Как-то раз один из солдат, направленных в наряд по столовой, ефрейтор Крюгер, отвел Лакоша в сторону и указал на табун пасущихся неподалеку от лагеря кудлатых лошадей, устало рыщущих в поисках редких торчащих из-под снега травинок. Он вполголоса изложил шоферу свой план, подкрепив разъяснения размашистыми жестами. Тот задумчиво кивнул и скрылся в блиндаже. Вскоре после этого Лакош уже брел по степи, будто бы разгуливая без дела. Впереди, неуклюже переваливаясь на кривых лапках, бежала Сента, обнюхивая оставшиеся еще от советских войск полузасыпанные стрелковые окопы. Лакош как бы невзначай приблизился к часовому, стоявшему с оружием под мышкой на небольшой насыпи, откуда ему открывался отличный вид на принадлежавший к одной из стоявших к северу кавалерийских дивизий табун. Невдалеке у костра сидели трое русских военнопленных и болтали о чем-то своем. Очевидно, это были выделенные ему “добровольные помощники”, которых в пехоте звали просто “хиви”[27]. По ним, впрочем, было не заметно, что они всерьез относятся к своим обязанностям. Изголодавшиеся клячи, с трудом державшиеся на ногах, далеко не убежали бы.

– Утро доброе! – окликнул солдата Лакош. – Ну и холодрыга сегодня!

Тот в ответ буркнул что-то невнятное, смерив его косым взглядом, но Лакош ничем не выдавал своего интереса. Он достал портсигар, набитый дневной нормой всех дежурных по столовой, вместе взятых, и не спеша закурил. У дозорного тут же пробудился интерес.

– Столько сигарет? – изумился он. – Похоже, дела у вас идут неплохо!

– Держимся кое-как. Выдают по десятку в день, и если не шиковать, протянуть можно. Порой и сигары перепадают – тогда хватает надолго, – отозвался шофер и небрежно протянул ему портсигар. Предлагать дважды не пришлось.

– Десяток в день? – не переставая удивляться, переспросил солдат. – Нам уже больше недели выдают только по три… А я-то привык по пачке в день!

Он сделал несколько жадных затяжек.

– Да и вообще, дерьмово у нас дела обстоят, скажу тебе честно. Подъедаем своих же лошадей – вон до чего дошло!

– Вот этих кляч? – скривился Лакош. – Благодарю покорно! Неужто у вас ничего другого не осталось? Даже консервов?.. У нас вон два грузовика еще, забитых под завязку – и это только для штабных! Сельдь в соусе, гуляш, тунец, сардины в масле… А свинина какая – просто объедение! Еще из Франции привезли!

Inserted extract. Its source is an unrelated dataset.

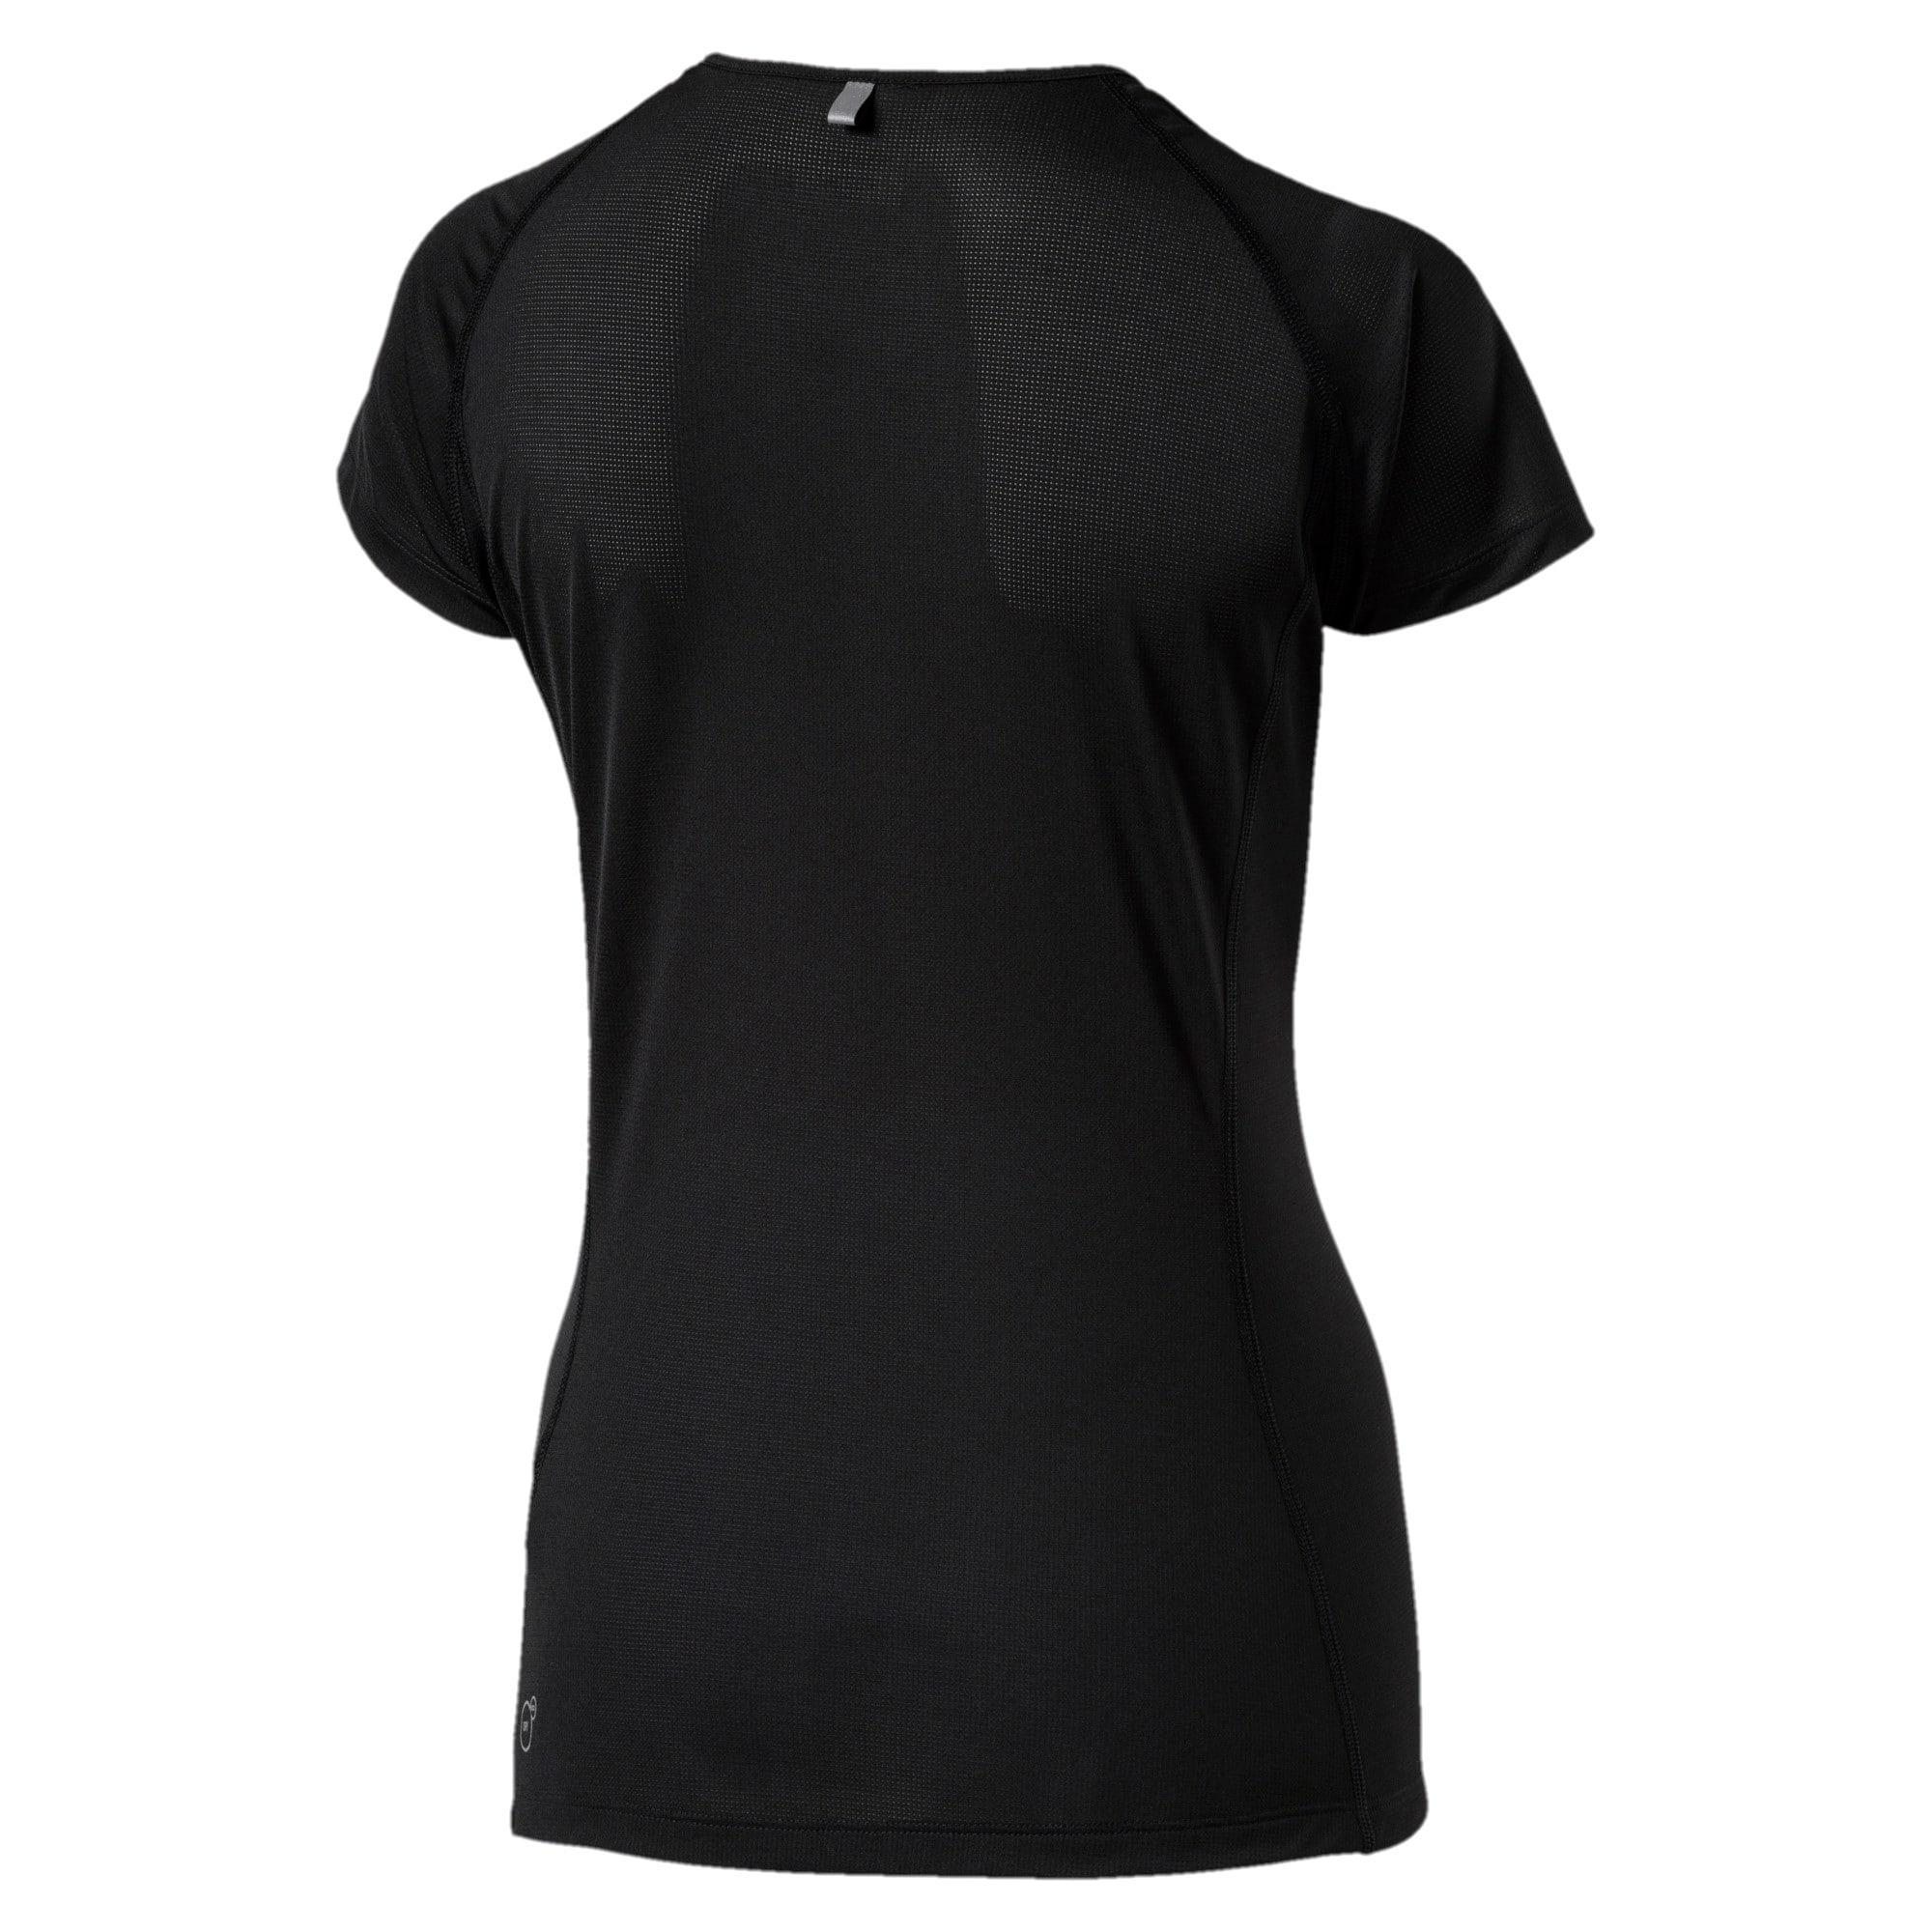 Thumbnail 2 of Core-Run Short Sleeve Women's Training Top, Puma Black, medium-IND

Он врал и сам, казалось, верил. Солдат облизнулся. Руки его тряслись так, что он даже выронил бычок. Шофер вновь угостил его сигареткой, и они присели на краю заснеженного окопа.

– Скажи, приятель, – начал постовой, – а не мог бы ты… Ну, так, одну баночку тунца… Не за просто так, не думай!

Он извлек из складок плаща инкрустированный перламутром перочинный нож.

– Вещь! Два лезвия, штопор, открывашка – все из настоящей нержавейки!

Изображая заинтересованность, Лакош повертел ножик в руках, поиграл с лезвиями.





– Гм, – хмыкнул он. – Не знаю, не знаю, не так все просто! Гузка-то наш, знаешь ли…

Заерзав, дозорный принялся рыться в карманах в поисках чего-нибудь еще, что можно было променять. Взгляд его остекленел. Он и не заметил, как метрах в двухстах от них на дороге притормозил грузовик. Не заметил, как из него выскочили двое и припустили за одной из лошаденок. Внимание его привлек только крик одного из русских: выругавшись, он вскочил и поднял ружье, но было уже поздно. Солдаты как раз запрыгнули в подъехавшую машину. Кляча, которой опутали канатом ноги, грохнулась на землю, и набравший ход грузовик потащил ее прочь. Было видно, как она вздымает голову и жалобно разевает рот. Чтобы хоть как-то оправдаться, постовой выстрелил им пару раз вслед, но даже пасущиеся лошади не повели ухом.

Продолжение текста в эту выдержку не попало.